Things take time to change – and there are speed bumps along the way. But it’s important to persevere, but also to see what can be changed.
A matter of risk
I think one of the issues I have with the initial question that was posed (other than the fact it was a biased, complex, leading question) was that it lacked context. So let’s try to put some context around it by focussing only on password reuse potentially leading to credential stuffing.
- A teenager reuses her social media password across Snapchat, Instagram, and her school canteen digital wallet.
- The CFO of a multinational organisation reuses the same password on the account system, HR system, email, social media, and local pizza delivery outlet.
- A sales rep reuses one password for their online banking and CRM, and reuses one password for a dozen (minor) sites which he needs for registering to go to events.
- A mother reuses password for her email, childcare nursery, and online shopping.
Now, consider these users were victims of credential stuffing because one of their online accounts were compromised. Would you apply the same level of responsibility or ‘blame’ to each of them? Maybe you’ll ask if any of them have received any formal security training.

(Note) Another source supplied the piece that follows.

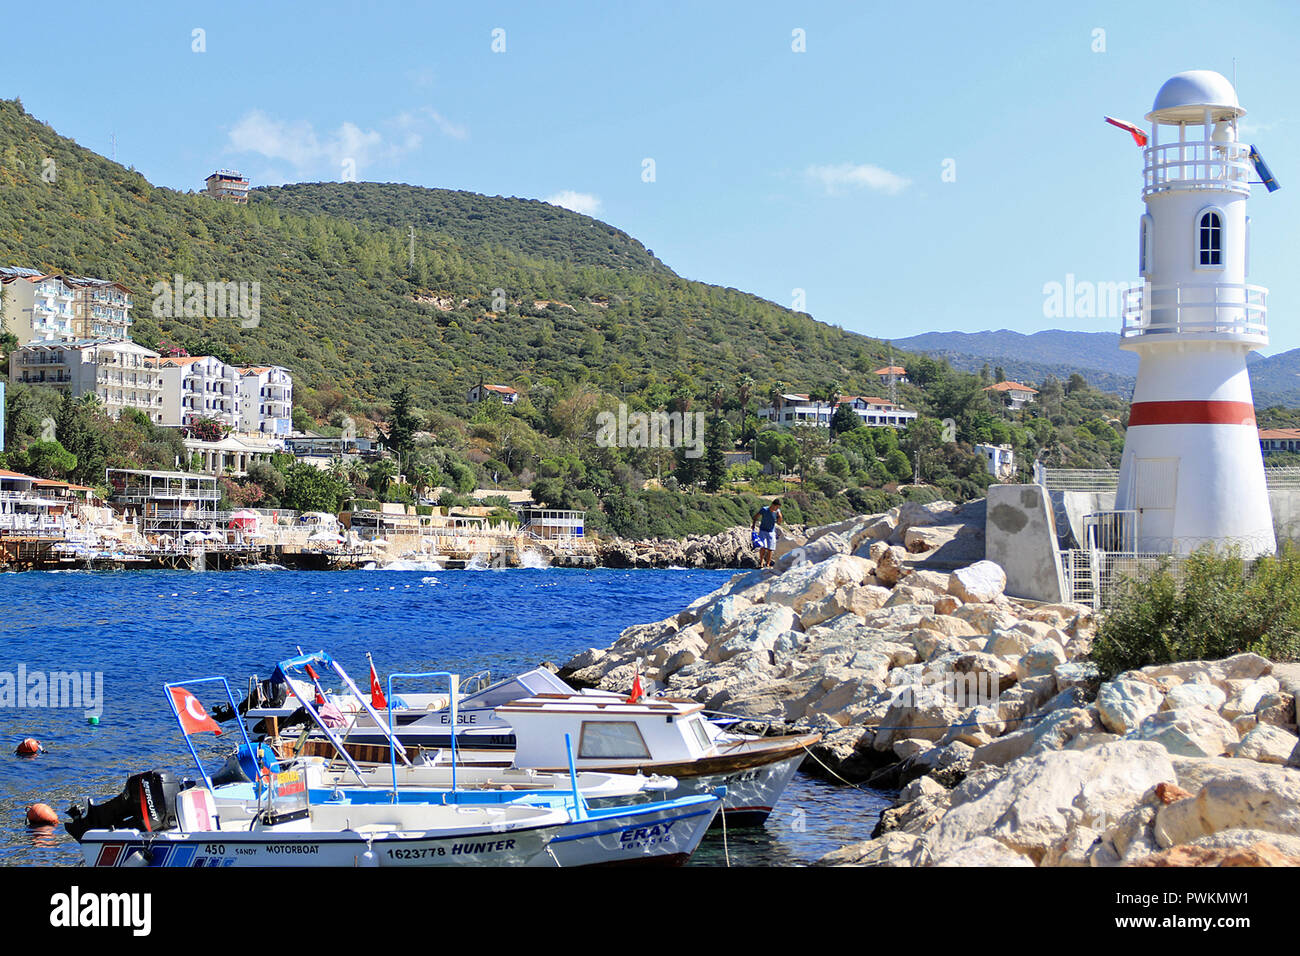 Il faro del porto. Kaş (pronunciato "Kash') è una piccola pesca, immersioni, vela e città turistica e un distretto della provincia di Antalya in Turchia, 168 km a ovest della città di Antalya. Come una località turistica, è relativamente incontaminata. Foto Stock

Personally, I think context is important, understanding that different people, and cultures, and environments have different needs and drivers is vital before making broad-brush statements.
Empathy is probably the better word.
Put the user first
To borrow from Simon Wardley’s brilliant maps, every map has an anchor (the point it’s built around). For a geographical map, the anchor is the compass (this is north of that etc.).
When we look at technology systems, the user is the anchor. Everything needs to be built around the user needs. Everything is there to support the user – and the underpinning technology becomes less visible to the user the deeper it goes.
For example, when a user goes onto Twitter, their ‘need’ is to post a tweet, share content, read other people’s views, share private messages and so forth.
Security is something they expect, are aware of, but for the most, isn’t really a need. Security is more of a need for the service provider than the user.
I think what my major grievance isn’t even the question as to whether we should be blaming the users or not – because that’s the wrong question. The question is, why are technologists, developers, and security professionals allowing such poorly designed features going to market.
I put this down to the “us vs them” mentality where security professionals somehow try to wash their hands of their own responsibility.
A few weeks ago Bruce Schneier wrote an opinion piece in the NY Times entitled Internet Hacking is about to get much worse, in which there was this gem of a paragraph.
Really? I mean, this is more of a feeling than any real research. How many people has Bruce spoken to when arriving at this conclusion? It’s the old IT Security mindset of “us vs them” – the lemmings that are the general population don’t care about security boo hoo.
I just can’t wrap my head around why we build poor systems, have poor security, allow bad stuff to happen, then want to point the finger of blame at a user that is operating within the acceptable parameters and magically sit on our floating chair wearing an infinity gauntlet.
- The user is your anchor – build security into and around their requirements.
- The user is your friend, they just want to do things easily.
- The user wants your help, they don’t want to get hacked any more than you do.
Be the security professional they need and deserve.